Selecting Issues

In order to select the issues that will be included in the report, you need to select an SLA Metric, a predefined JQL Filter and a date interval.

SLA Metric

SLA Metric lists the available SLA metrics on the system.

  • Next to each SLA metric in the list you will see the keys of JIRA projects that metric is used in. If a metric is used in more than one JIRA project, that metric name will have multiple project keys.
  • Unlike JIRA, you can select a metric that is used in more than one project and get a report that takes SLA data from multiple projects



JQL Filter

JQL Filter lists the saved JQL filters that the user can access.

  • Select the filter to be used for filtering issues for the report


Date Interval

Date selection window lets you select the beginning and end dates for the report.  

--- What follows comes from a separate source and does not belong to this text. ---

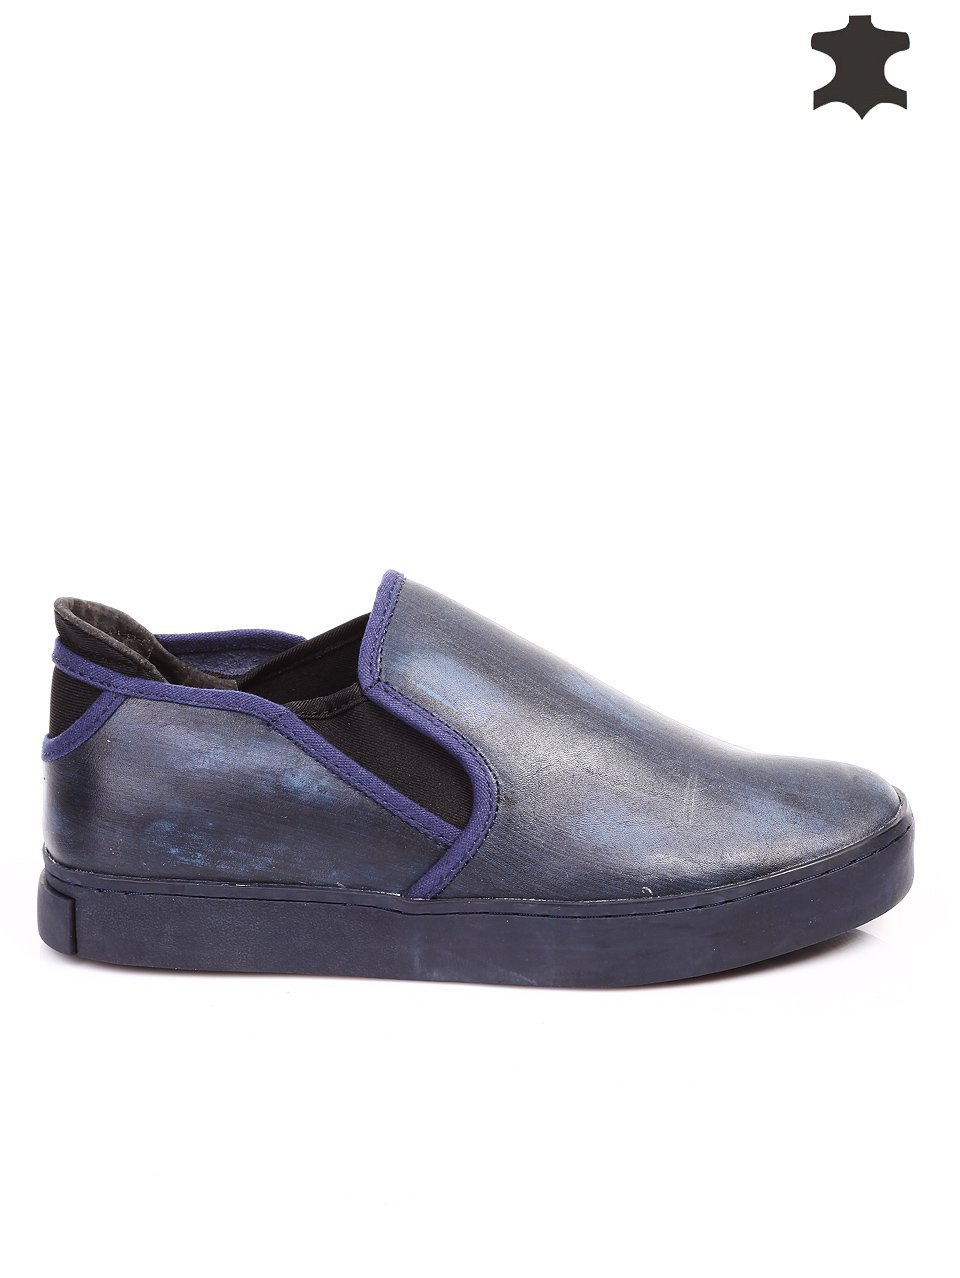 Ежедневни мъжки обувки от естествена кожа в синьо 7T-15729 navy
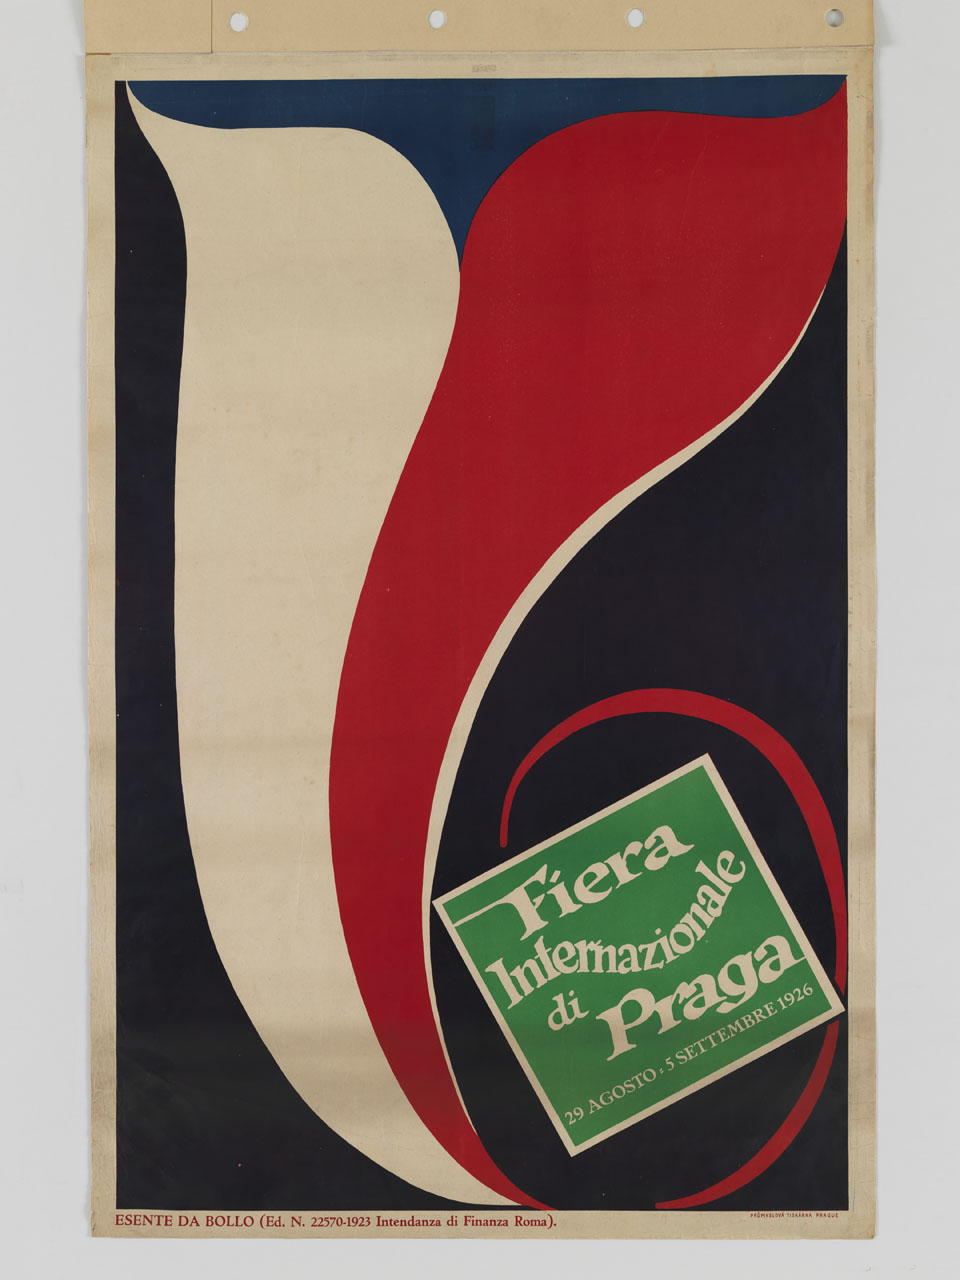 stendardo con i colori della bandiera cecoslovacca si arriccia intorno alla pubblicità di una fiera (manifesto) - ambito cecoslovacco (sec. XX)

  • You can filter by Created, Updated, Resolved Date of issues and also by SLA Stop Date which is the date that the selected SLA Timer has ended for the issue.


Report Types

Once SLA metric, filter and date interval is selected, there are two types of reports Service Desk Reporter offers:

Performance Notes

For preparing reports, Service Desk Reporter uses the saved JQL filter you select to filter the issues and goes through all issues to calculate the report data.

To improve performance on screen display for List Reports, only issues shown on screen are subject to processing. For Excel reports, REST reports and Success Ratio Reports, all issues need to be processed so the processing time is longer.


List Reports with date interval based on SLA Stop Date

There is a special case for SLA Stop Date reports.

JIRA does not allow filtering issues by SLA Stop Date via JQL so Service Desk Reporter does some clever processing to find desired issues. This clever process includes going through (is some cases almost) each issue individually and checking whether it should be included in the report or not. Going over each issue obviously has a higher processing cost on JIRA server, compared to created/updated/resolved date reports. The cost becomes prominent for large datasets (with thousands of issues). Calculation algorithm includes several optimizations to minimize this cost but there are things you can do to get faster results.

The cost is high if your saved filter includes lots of issues that will be excluded from the report (that have stop dates outside the selected date interval) so try to define a filter that will pre-exlude all irrelevant issues. (Ex: Try to filter out issues or issuetypes that do not have the SLA metric you selected defined for them. Try not to use your "All issues" filter (smile)  if you can)

If your saved filter includes lots of issues that will be excluded based on their SLA Stop Dates, the very last page of the report displayed on screen might take significanlty more to process, so be patient.